**Directions**
Would you retype exactly the lines below, starting with the one that has "ヒップホップ、トラップ、パワフルの再生済みの波形" and going on through the one that has "To przechodzi ludzkie", with no pictures and nothing else?

**Supplied information**
──────────

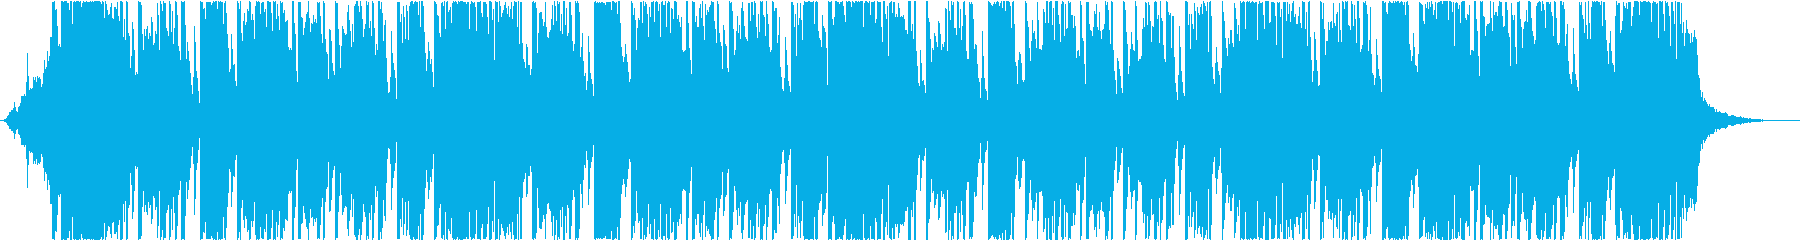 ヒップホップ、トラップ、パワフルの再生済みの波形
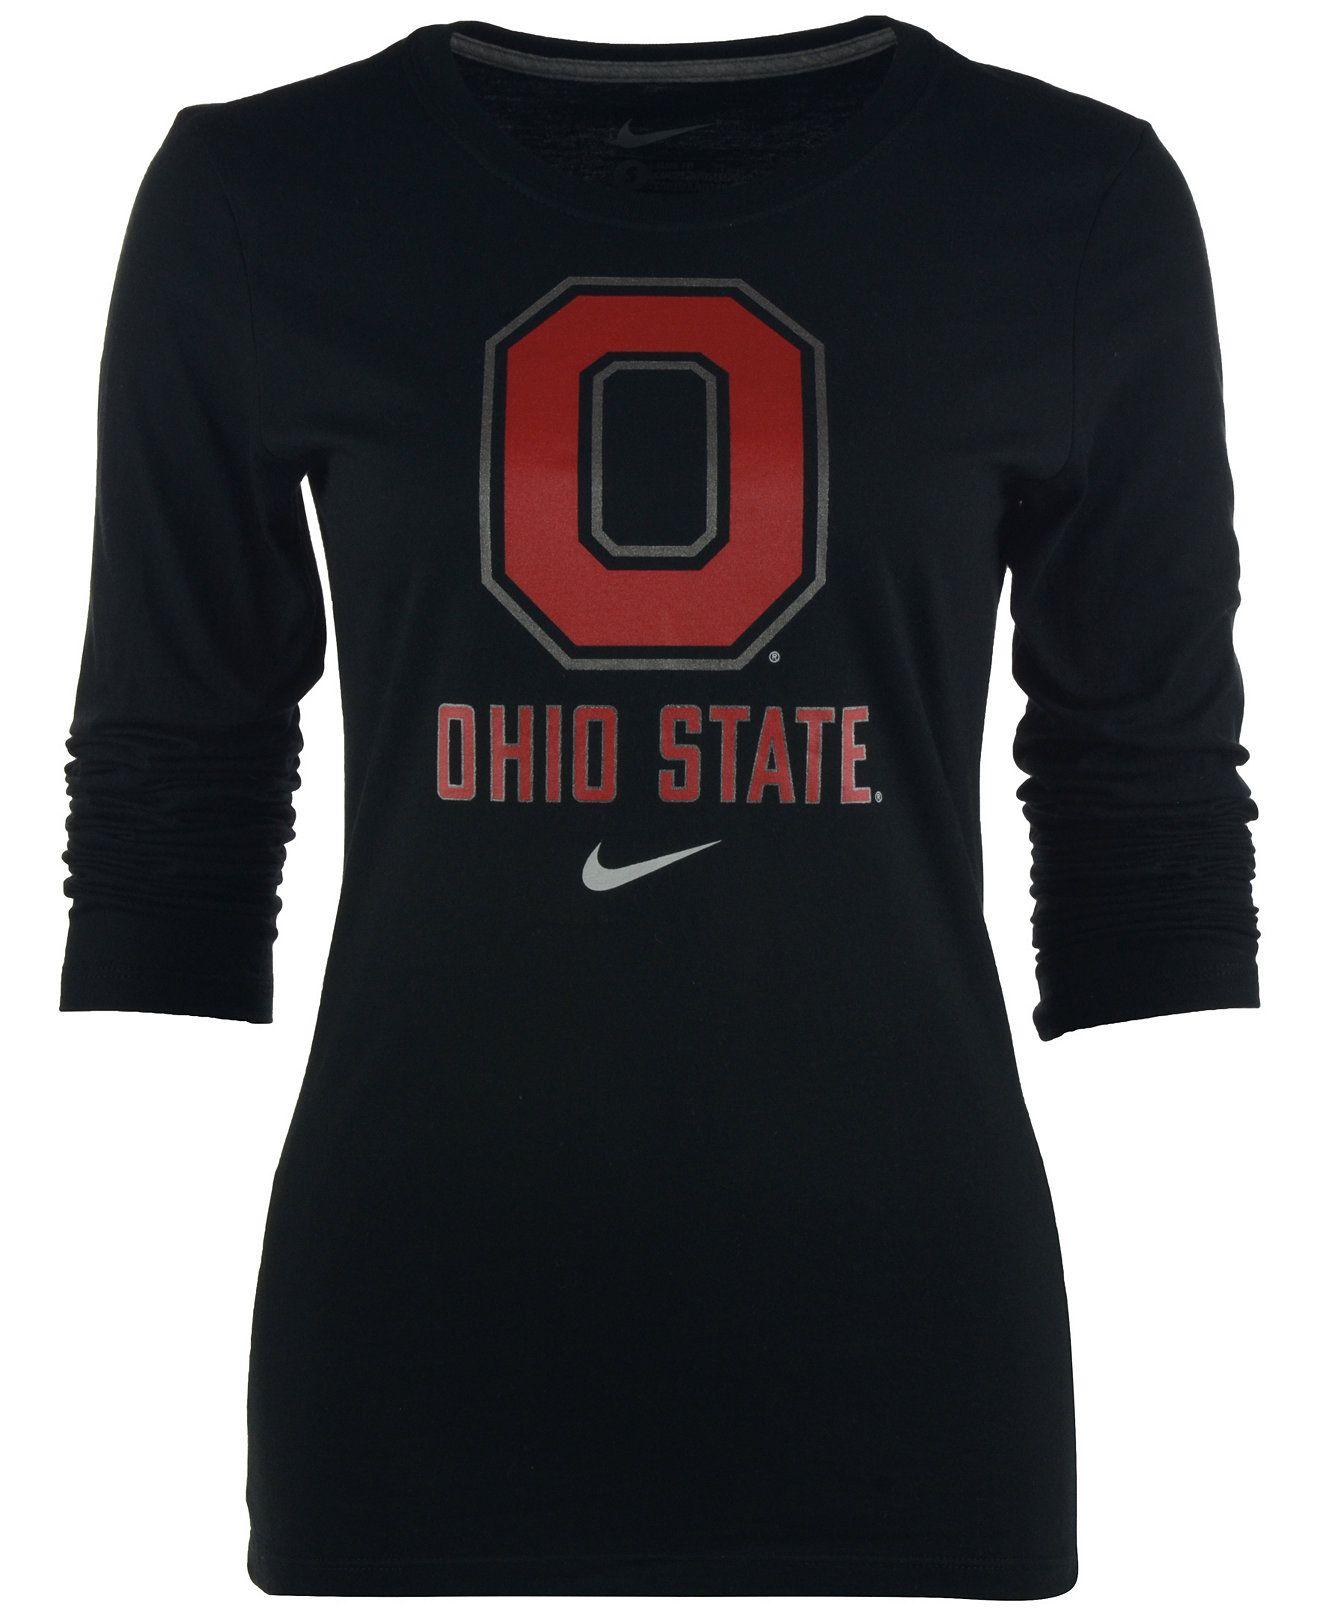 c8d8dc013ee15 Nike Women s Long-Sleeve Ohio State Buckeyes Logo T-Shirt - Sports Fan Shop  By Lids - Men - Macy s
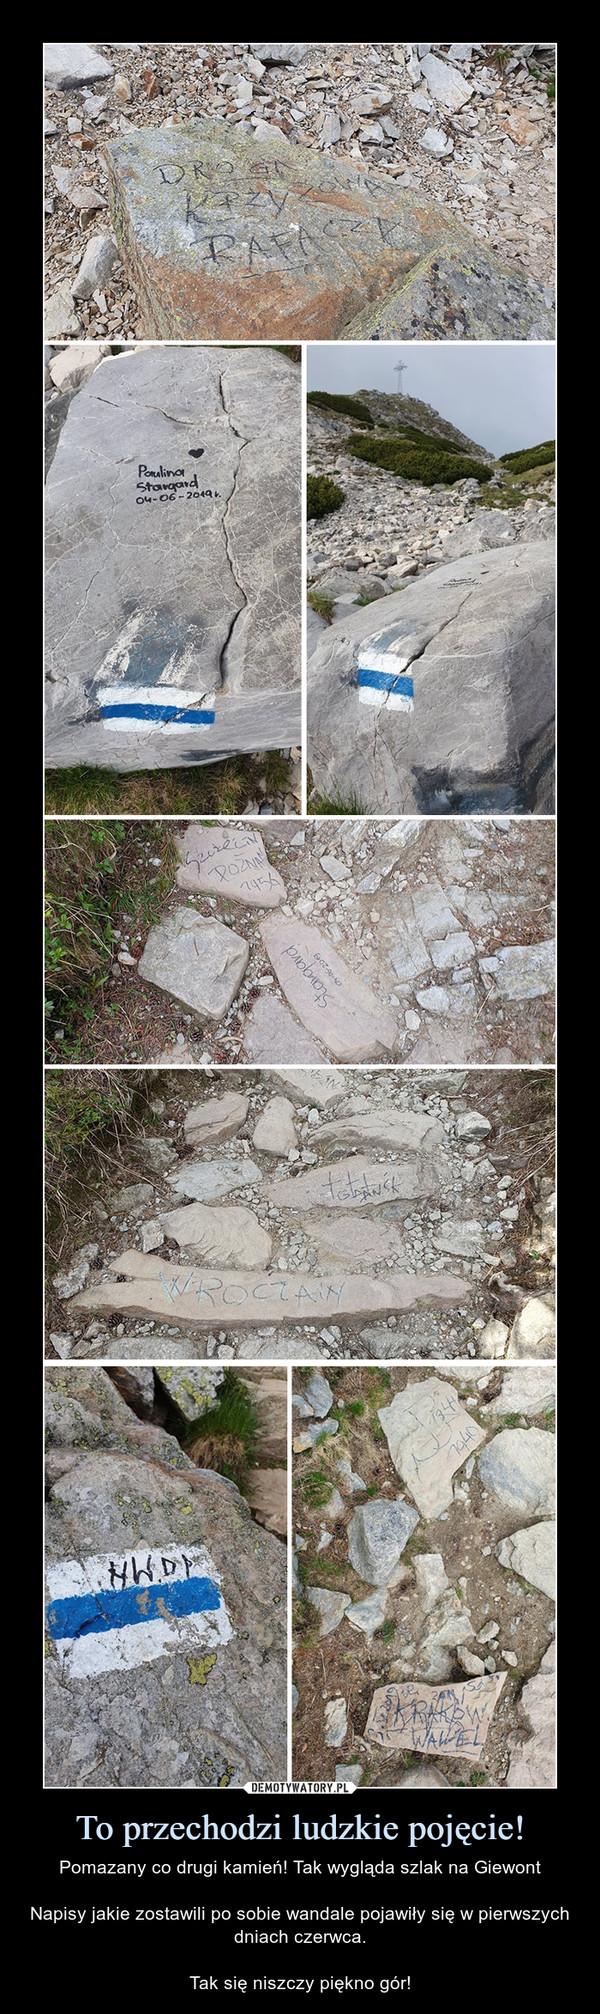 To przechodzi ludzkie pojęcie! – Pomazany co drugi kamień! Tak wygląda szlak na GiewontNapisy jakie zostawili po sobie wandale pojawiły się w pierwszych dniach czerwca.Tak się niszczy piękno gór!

──────────

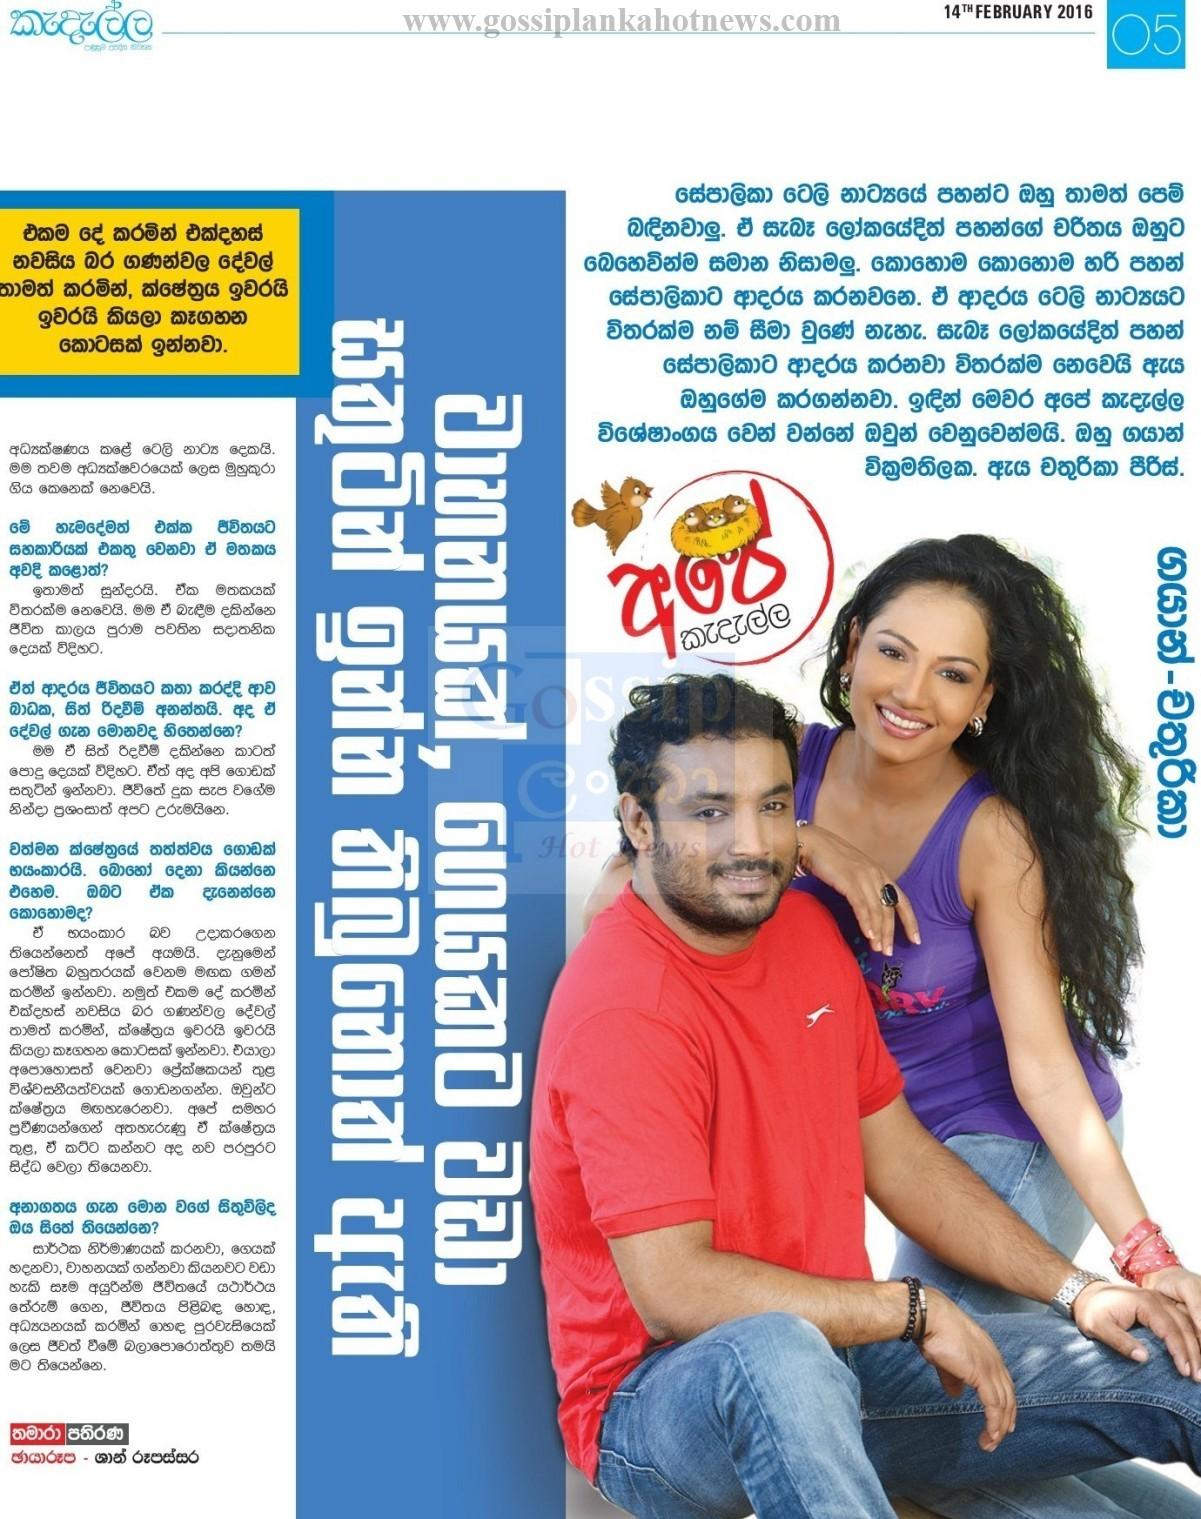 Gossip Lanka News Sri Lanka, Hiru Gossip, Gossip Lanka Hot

──────────

**Solution to this task**
 ヒップホップ、トラップ、パワフルの再生済みの波形
 c8d8dc013ee15 Nike Women s Long-Sleeve Ohio State Buckeyes Logo T-Shirt - Sports Fan Shop  By Lids - Men - Macy s
 To przechodzi ludzkie pojęcie! – Pomazany co drugi kamień! Tak wygląda szlak na GiewontNapisy jakie zostawili po sobie wandale pojawiły się w pierwszych dniach czerwca.Tak się niszczy piękno gór!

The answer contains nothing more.